Exercise aim -
Would you restate the full listing word for word and omit its pictures?
-=-=-
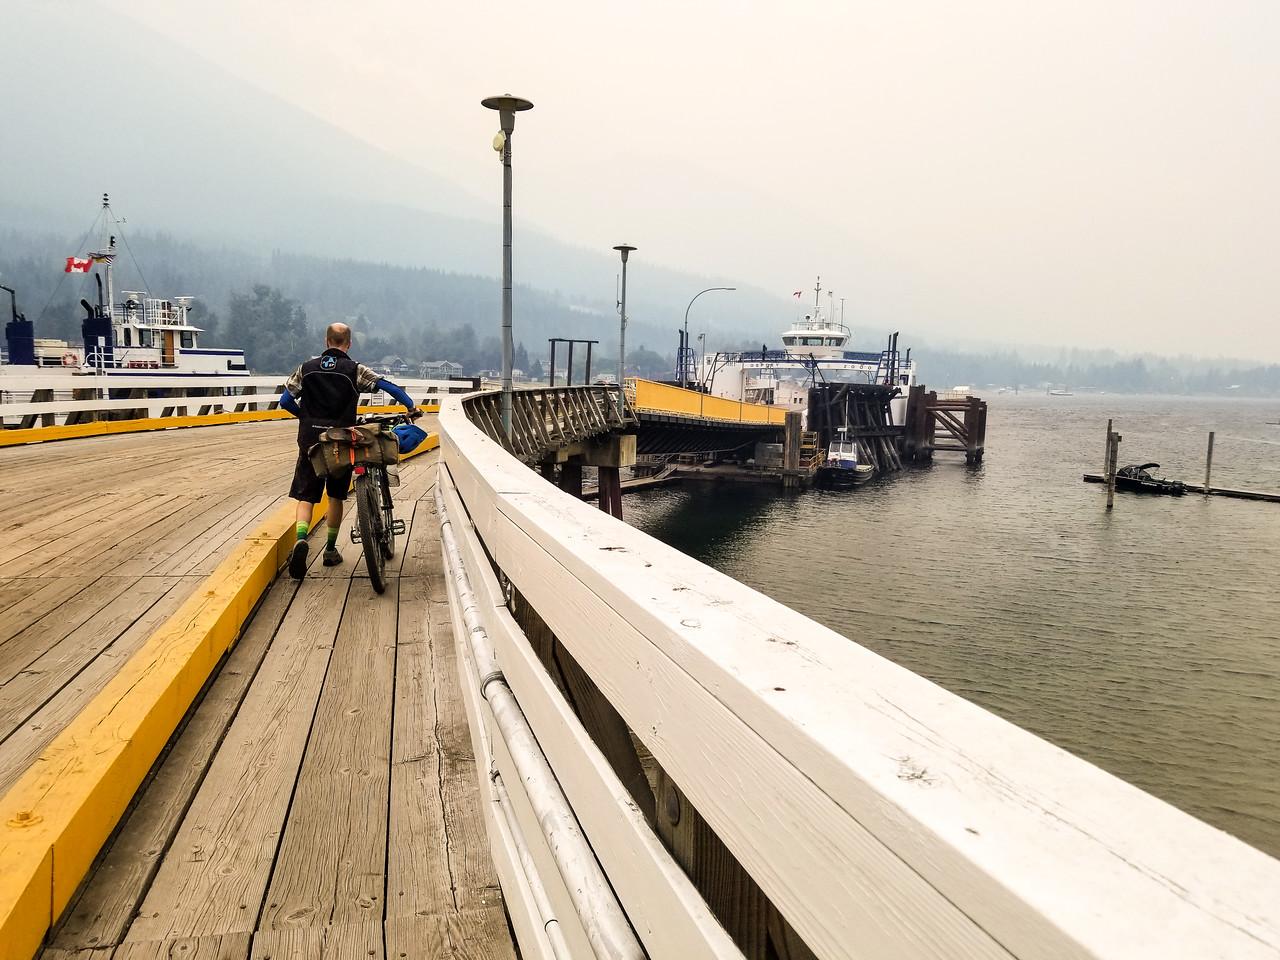 The Balfour ferry, ready to cross Kootenay Lake
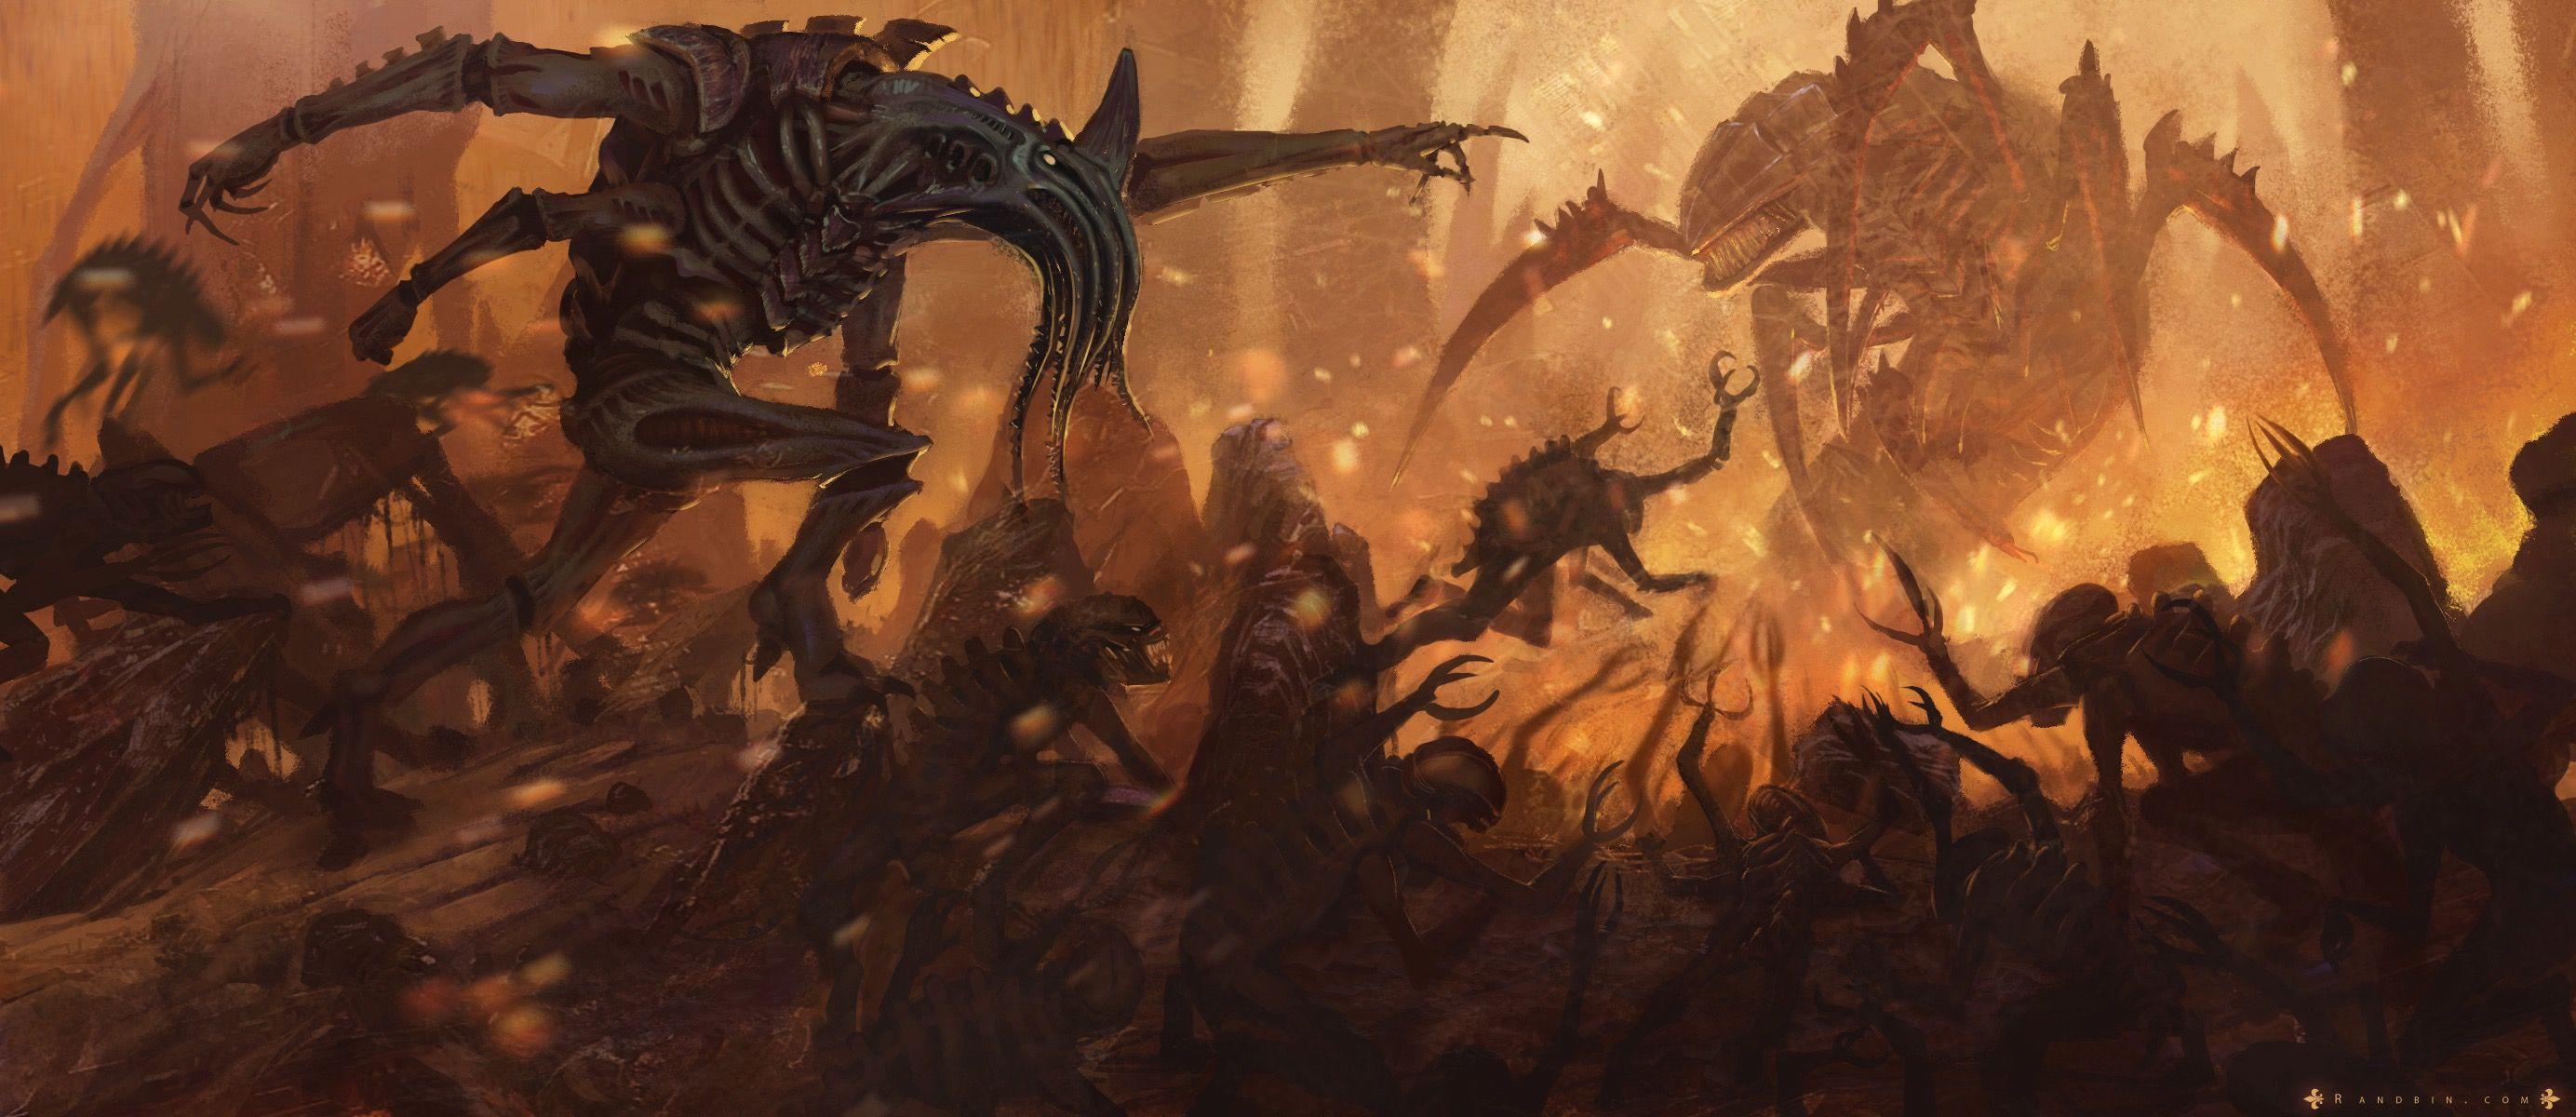 Tyranids Warhammer 40k Warhammer 40k Tyranids Tyranids
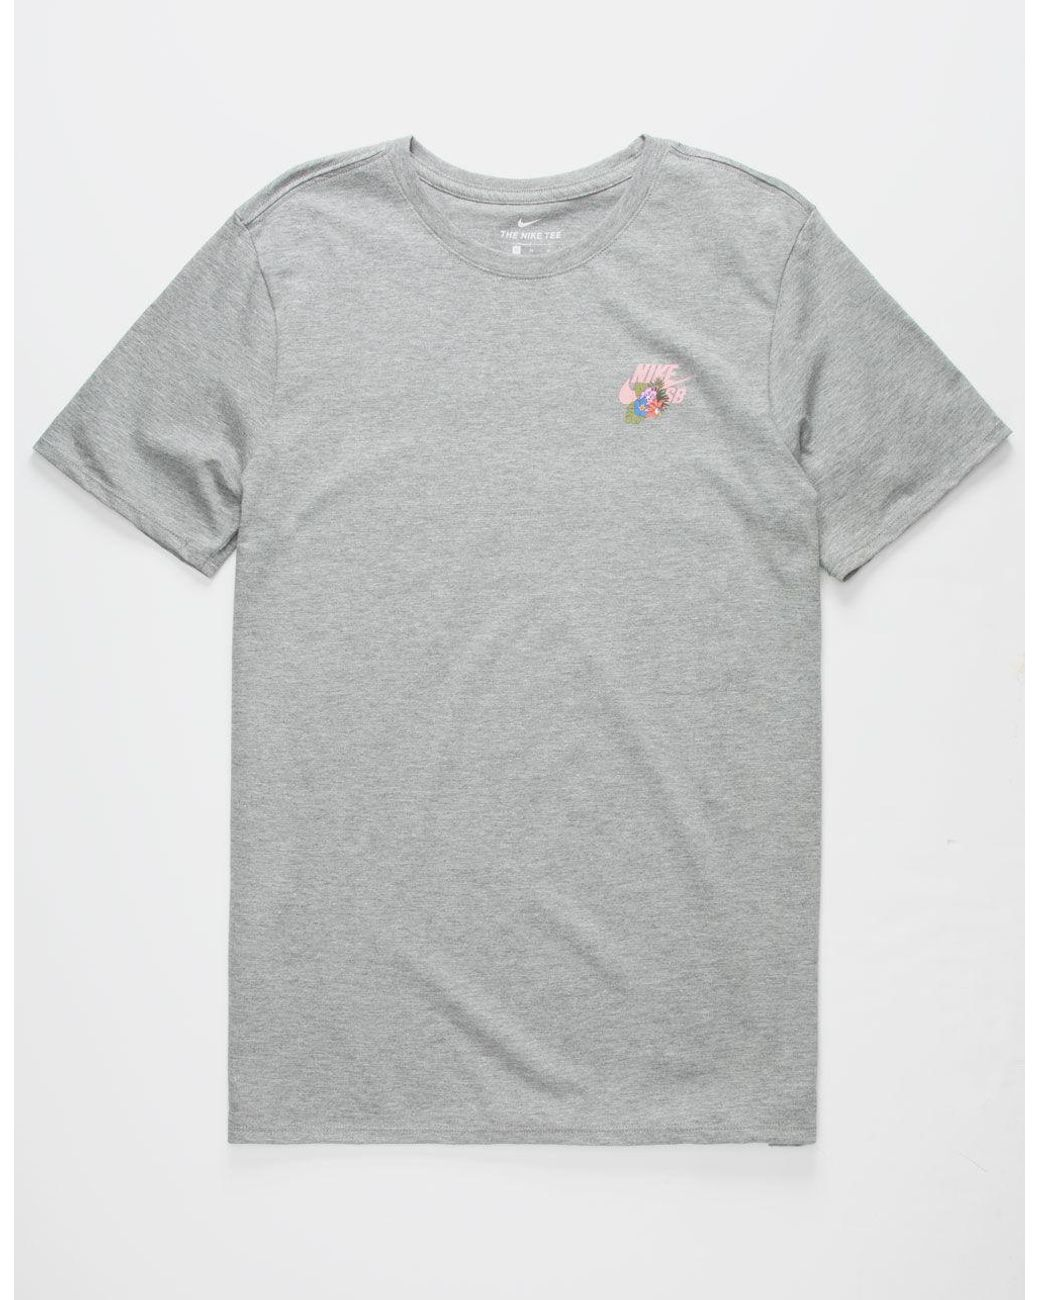 Nike Cotton Safari Floral Logo Mens T Shirt In Heather Gray Gray
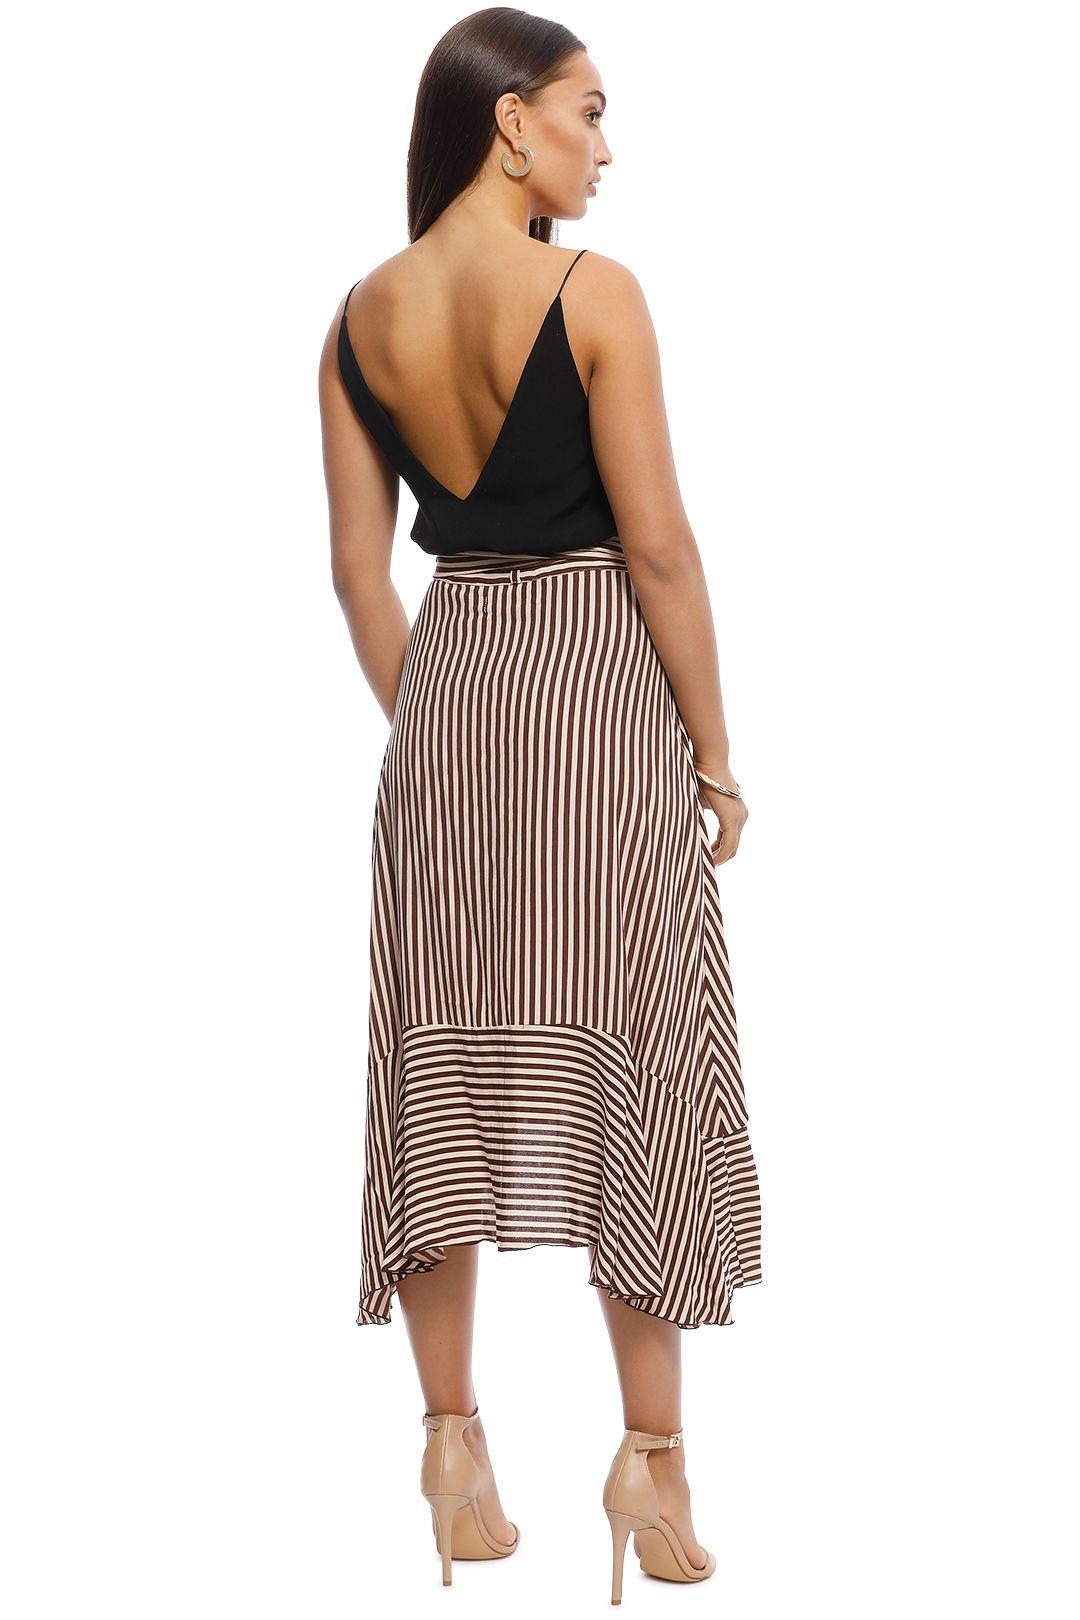 Faithfull - Tramonti Skirt - Georgia Stripe Espresso - Back
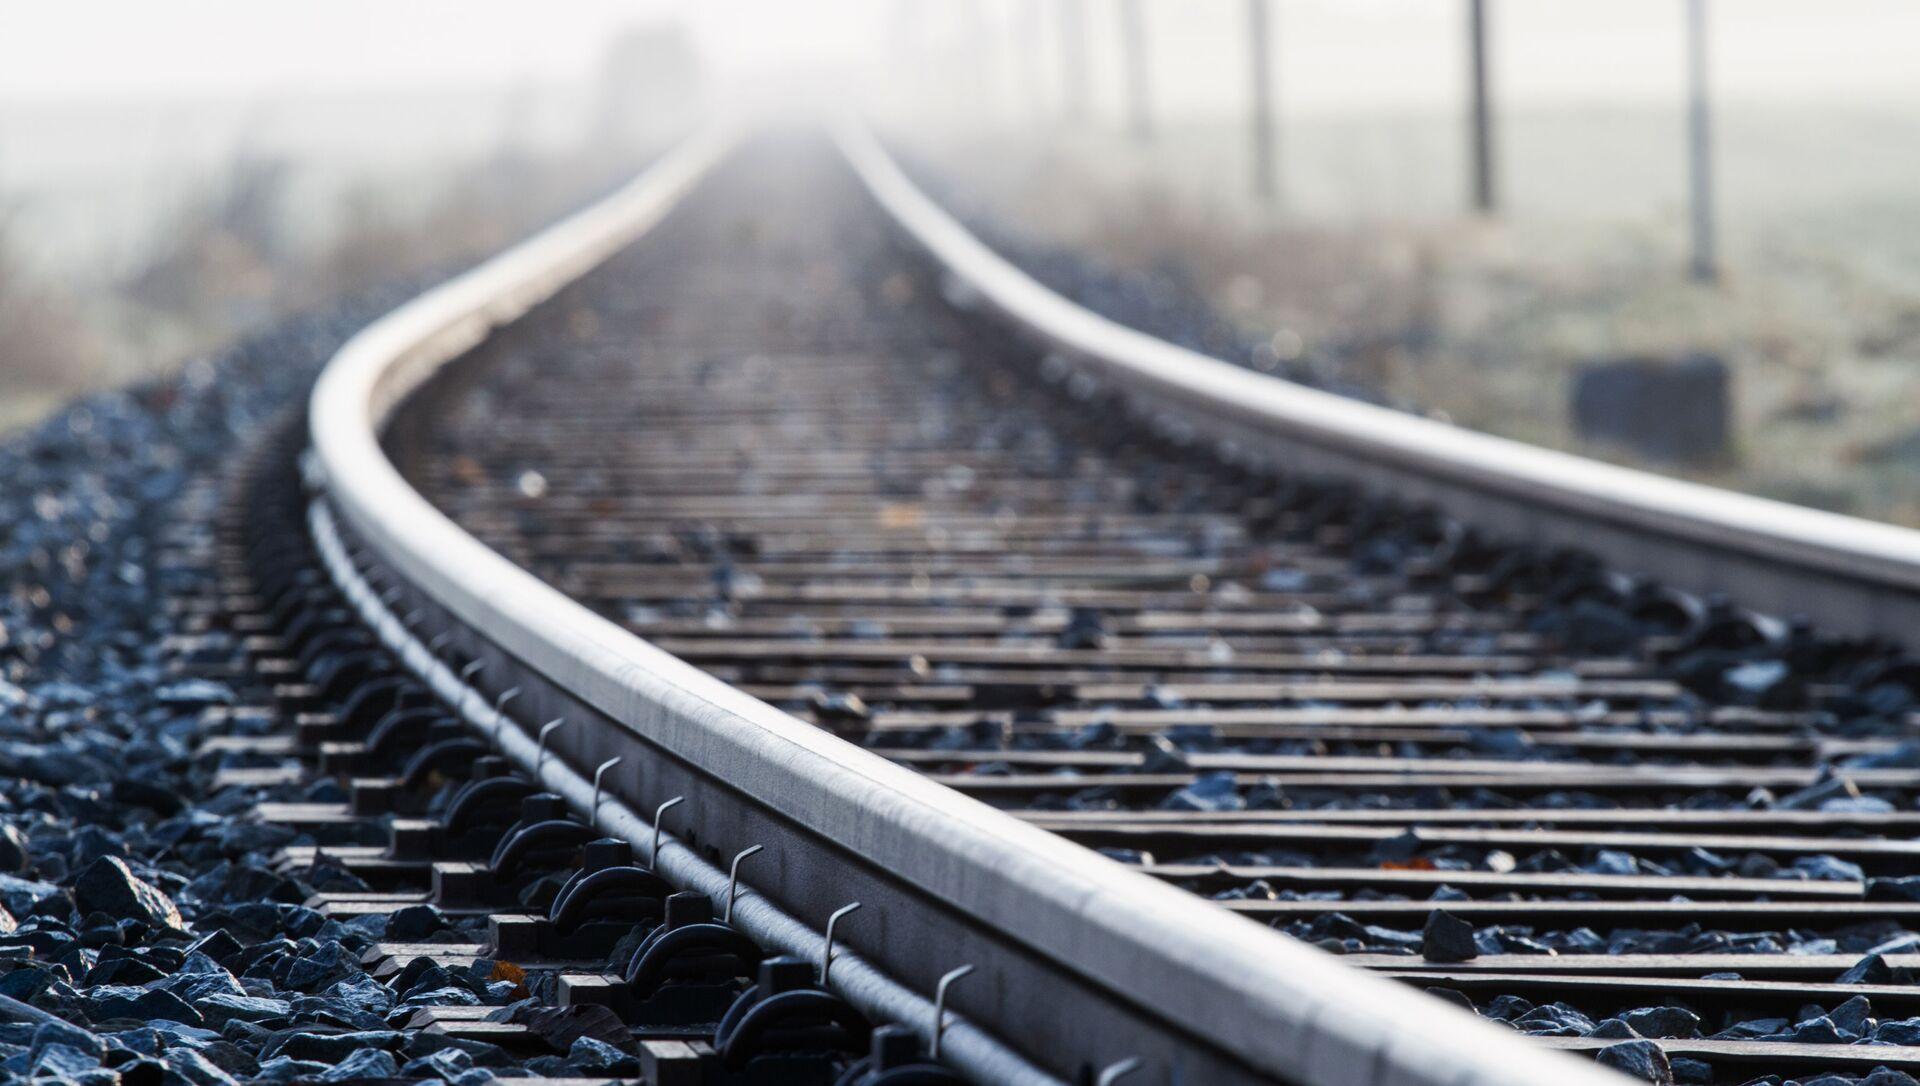 Рельсы железной дороги - Sputnik Արմենիա, 1920, 08.02.2021
-=-=-
Problem solution -
 The Balfour ferry, ready to cross Kootenay Lake
 Tyranids Warhammer 40k Warhammer 40k Tyranids Tyranids
 Nike Cotton Safari Floral Logo Mens T Shirt In Heather Gray Gray
 Faithfull - Tramonti Skirt - Georgia Stripe Espresso - Back
 Рельсы железной дороги - Sputnik Արմենիա, 1920, 08.02.2021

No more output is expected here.